En adaptant Gatsby le Magnifique, Baz Luhrmann se confronte directement à la problématique de cette transition à travers le personnage de Gatsby incarné ici par Leonardo Di Caprio. Le film part ainsi d’une construction, d’un excès et d’une extravagance typique du réalisateur qui viendra ainsi se briser sur les rives du drame de F. Scott Fitzgerald. Le début du film évoque ainsi l’ouverture de Moulin Rouge avec ce même voile de regret du personnage de Nick Carraway nostalgique de l’époque de sa découverte du New York des Années Folles. 

Luhrmann déploie alors tout son sens de l’excès et de l’anachronisme pour nous étourdir dans le fantasme fait de ce lieu et de cette époque à travers d’étourdissantes et grisantes séquences (l’arrivée en zoom avant aérien sur Nick reproduisant ironiquement la trajectoire des futurs suicidés de Wall Street, la séquence d’orgies sur fond de hip hop). 

L’adaptation de Jack Clayton en 1974 était remarquable mais ratait toute la dimension mystérieuse de Gatsby et de la romance entretenue avec Daisy.
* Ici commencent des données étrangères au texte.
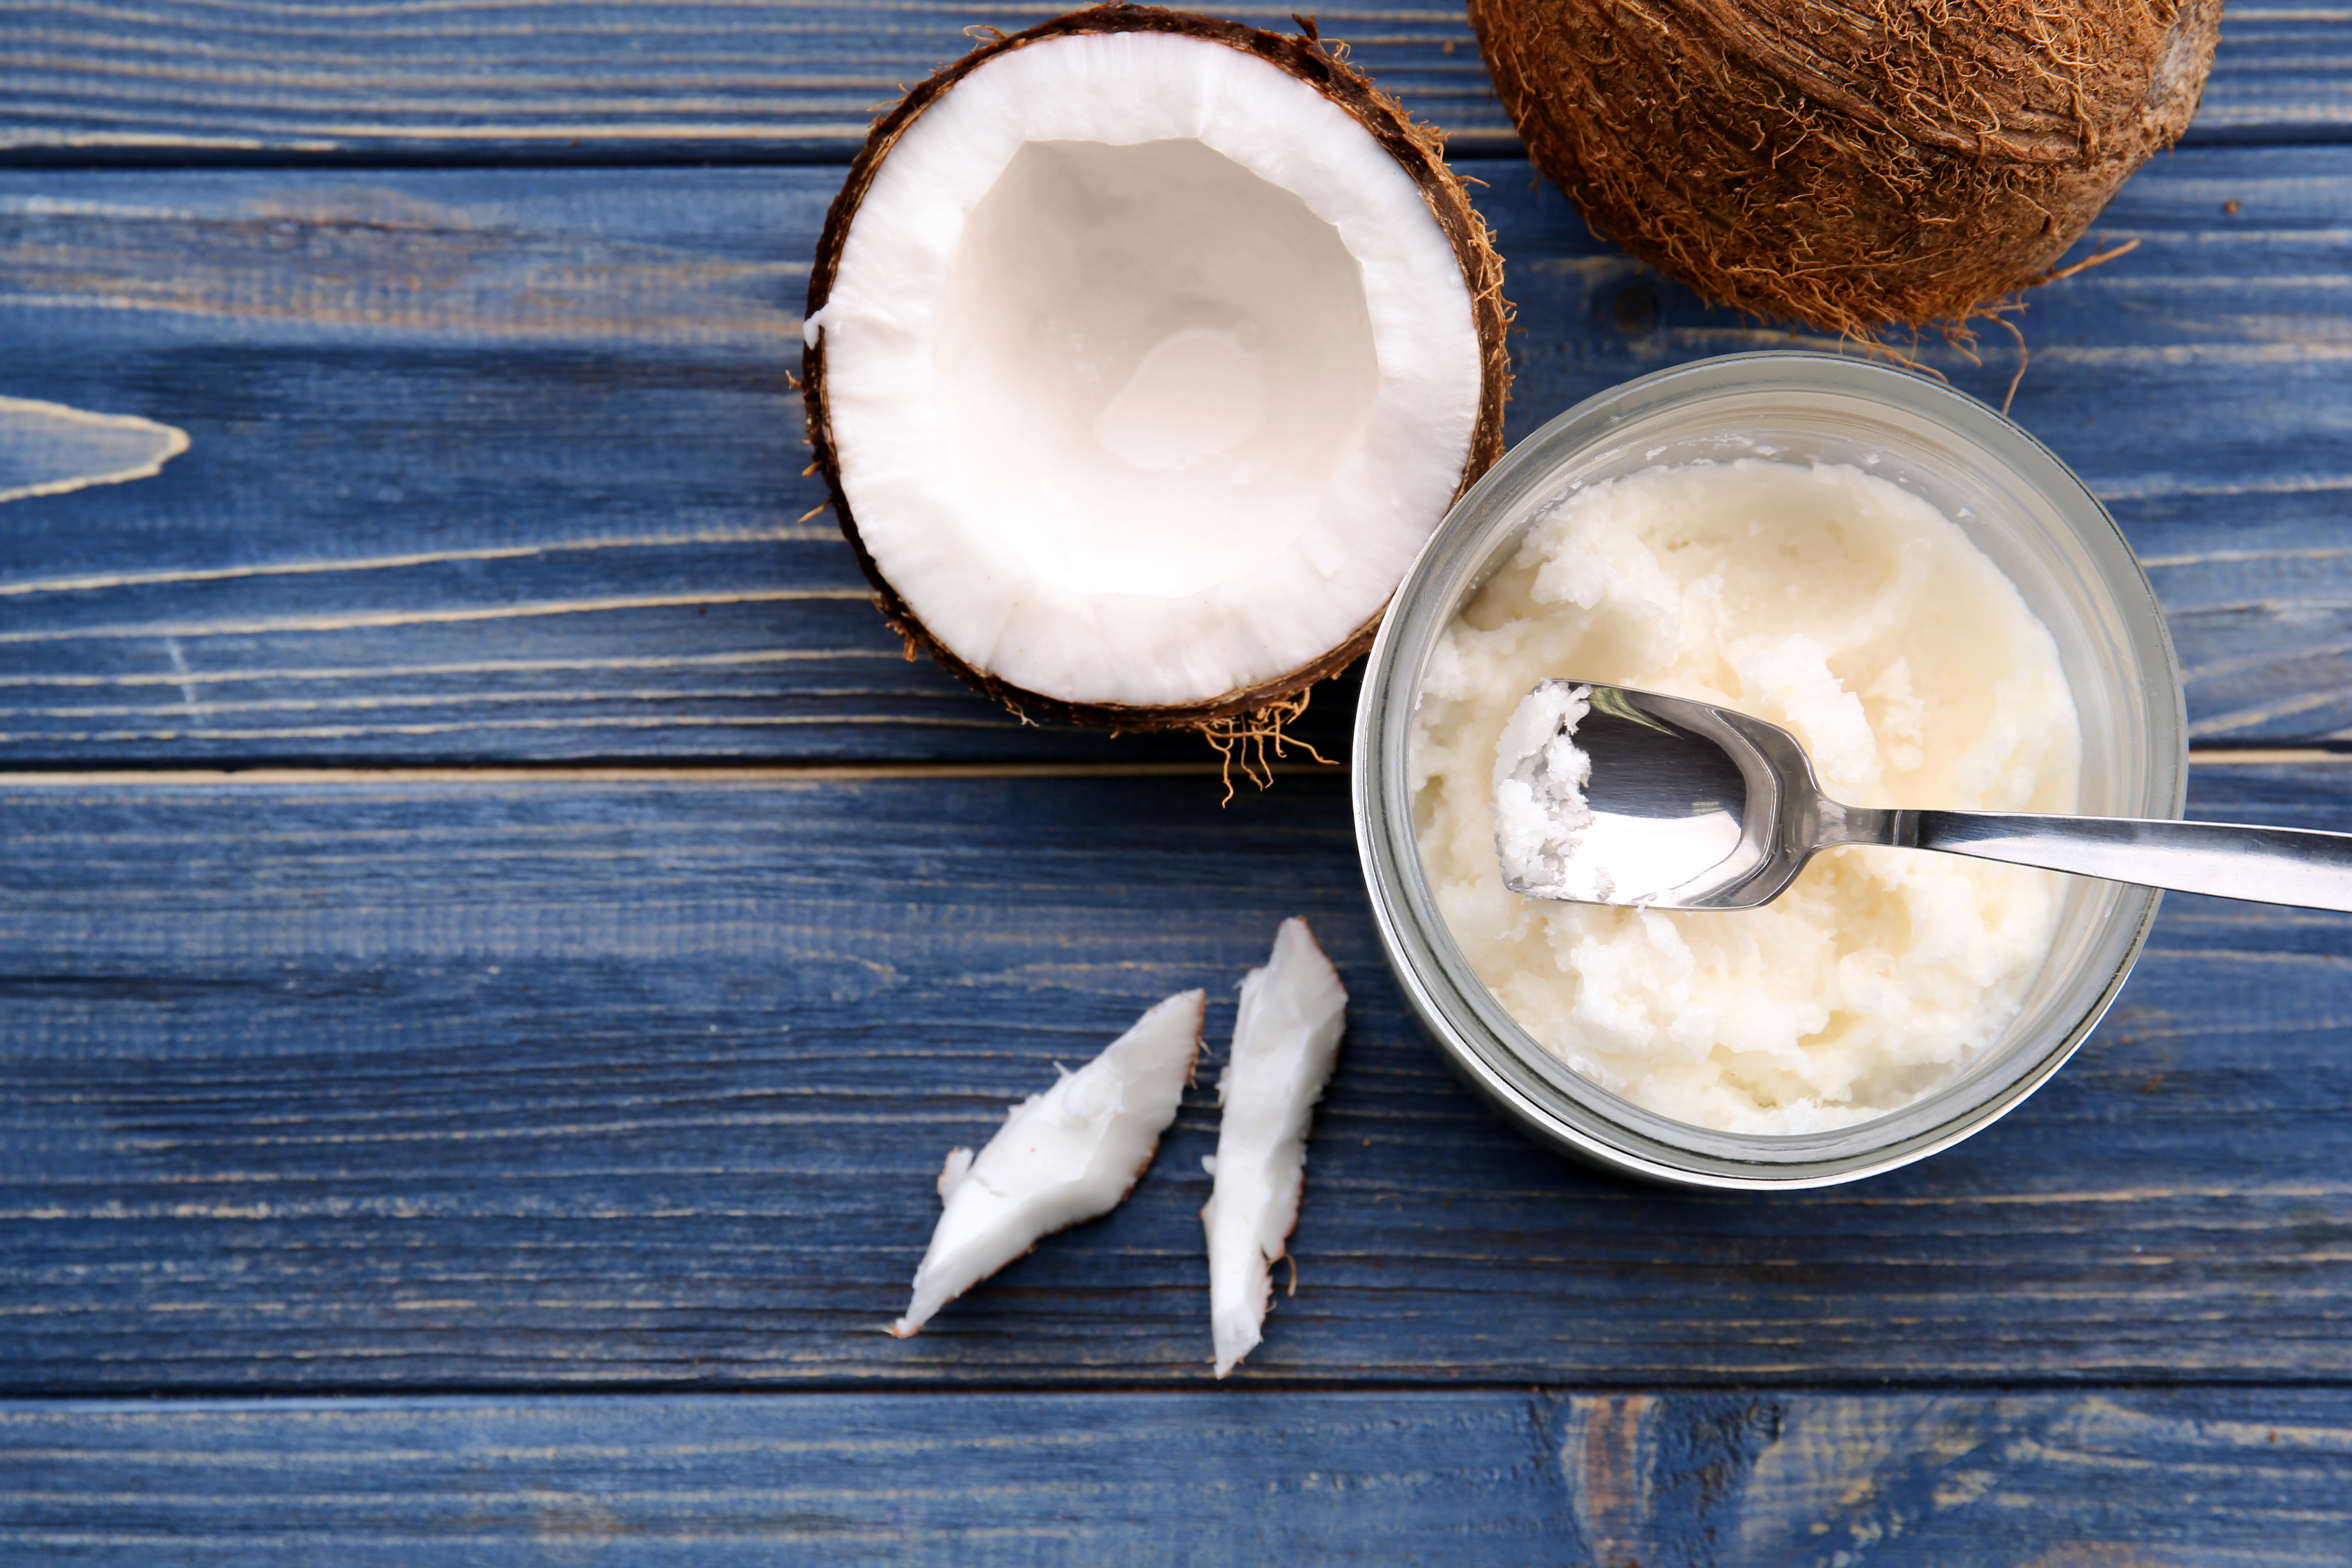 Overhead view of a half of an open coconut and jar of coconut oil with a spoon in it, both on a table top.

Comme étouffée par ses stars (Robert Redford et Mia Farrow) le film s’avérait trop frontal dans son histoire d’amour devenant classique car placée désormais au premier plan dès l’entrée en scène de Gatsby/Redford.   

Luhrmann ne commet pas cette erreur et tout comme dans le roman il y a quelque chose d’insaisissable et de beau dans le lien entre Gatsby et Daisy, une passion idéalisée qui ne peut être observée et fantasmée que de loin par Nick Carraway qui retrouve plus directement sa dimension mi impliquée mi spectateur des évènements (un monologue intérieur appuyant largement ce fait). Tobey Maguire demeure toujours le jeune homme rêveur de Pleasantville et des Spider-Man et exprime magnifiquement cette facette.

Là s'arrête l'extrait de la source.